Returning to his native island in 1924, Wendt did not practise law much, although he was registered as a lawyer at the Supreme Court of Ceylon. He soon gave public piano recitals, both as a soloist and as an accompanist. He gave up the law for music in 1928 and developed an interest in avant-garde music.

Lionel Wendt became the figurehead of the only circle of avant-garde artists of the time, which included his childhood friend, the painter George Keyt. In his autobiography, the poet Pablo Neruda, Chilean consul in Colombo in 1928–1929, writes: "I found out that the pianist, photographer, critic, and cinematographer Lionel Wendt was the central figure of a cultural life torn between the death rattles of the Empire and a human appraisal of the untapped values of Ceylon."

Lionel Wendt and his friends tried to contribute to the formation of a modern national consciousness. They felt deeply that the future of their country could not be built by ignoring an ancient heritage or by rejecting the Western way of life, but rather by merging the two.

== The Photograph ==
In the early 1930s, while continuing to give piano recitals, Lionel Wendt turned to what became his great passion, photography.

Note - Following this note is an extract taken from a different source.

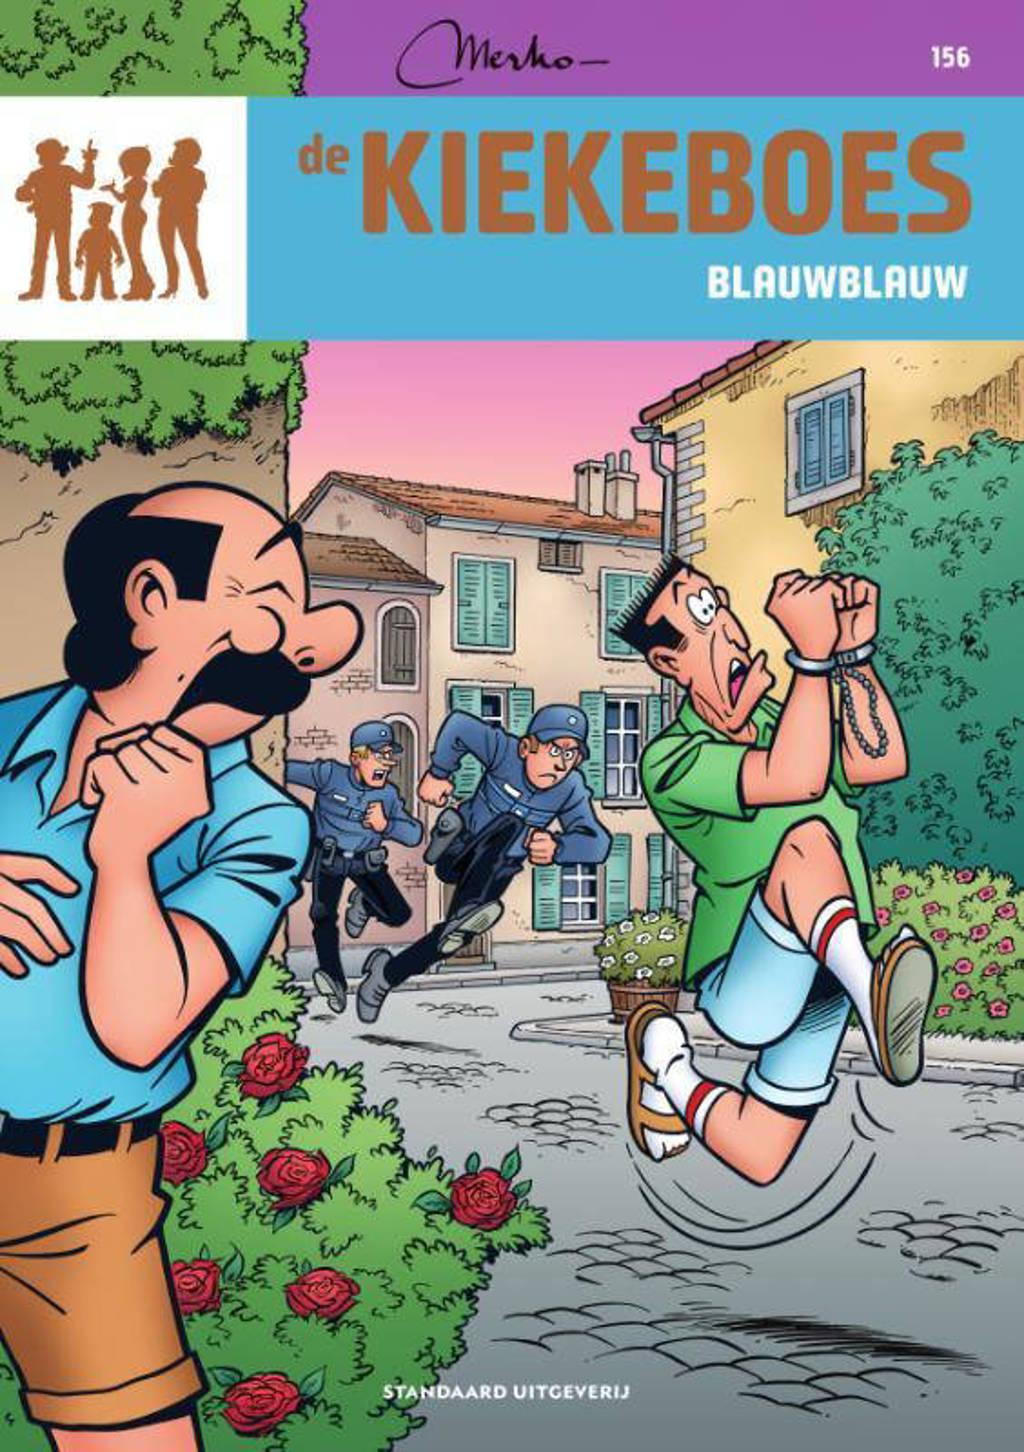 de Kiekeboes: Blauwblauw

In 1934, jointly with Bernard G. Thornley and P.J.C. Durrant, Wendt revived the Amateur Photographic Society of Ceylon, founded by his father and which was then renamed the Photographic Society of Ceylon. He took part in many exhibitions in Ceylon between 1935 and 1944. His first solo exhibition took place in 1938 at the Camera Club in London, at the invitation of Ernst Leitz, the inventor and manufacturer of the Leica.

While the male body is his favourite theme, he also deals with landscapes, everyday life, architecture, archaeology. He reconciles knowledge and interest in modern artistic trends (Magritte, Man Ray, Chirico...) with a desire to represent traditional Ceylonese life. He uses a multiple techniques such as photomontage, photo-collage, solarization, and photograms.

== Song of Ceylon ==
In 1934, the British director Basil Wright associated Wendt with the development of his documentary Song of Ceylon. Described by Wright as one of the six best photographers in the world, Wendt was not only the narrator of the film; his eye as a photographer and his in-depth knowledge of the country and its culture were an essential contribution to what was considered a major documentary. In an interview published in 1949 in Mosquito (the magazine for Ceylonese students in England), Basil Wright paid tribute to Lionel Wendt:Without him [L. Wendt], I don't think Song of Ceylon could have been what it is. For here was a man who knew Ceylon as few men did, and he was in touch with the avant-garde cinema of those days and he knew what the documentary people were doing. As a matter of fact, the only two people I met in Ceylon who knew anything about films then were Wendt and George Keyt.The collaboration between Wendt and Wright continued after the shooting of Song of Ceylon, with the photographer staying in London several times to become Wright's assistant in the company he had founded. Wendt was the first Ceylonese to establish a relationship between photography and film when the latter developed on the island during the 1930s.

== Patron of the arts ==
Lionel Wendt, Harry Pieris and George Keyt played a leading role in the promotion of Kandyan dance. They act as patrons of dancers and drummers from the Kandy area: Suramba and his brother Jayana from Anumugama village, Ukkawa and his brother Gunaya from Nittawela. These artists will be among the most talented and well-known representatives of Kandyan dance.

Lionel Wendt is a dedicated patron of a group of painters. He buys their works, organizes exhibitions, and publicly defends these painters in the newspapers.

On 29 August 1943, The '43 Group was founded in Colombo, with Lionel Wendt as leader. The inaugural meeting of the group is held at his home. The aim was to bring together independent artists such as George Keyt, Ivan Peries, Harry Pieris and Justin Daraniyagala, now recognised as among the best representatives in Asia of the modernism of the mid-20th century.

== Death ==
Lionel Wendt died of a heart attack in Colombo on 19 December 1944. The Lionel Wendt Art Centre was established on the site of his home, 18 Guilford Crescent.

As was common in the profession, Wendt's negatives were destroyed by a fellow photographer. A small number of his prints, however, survived him.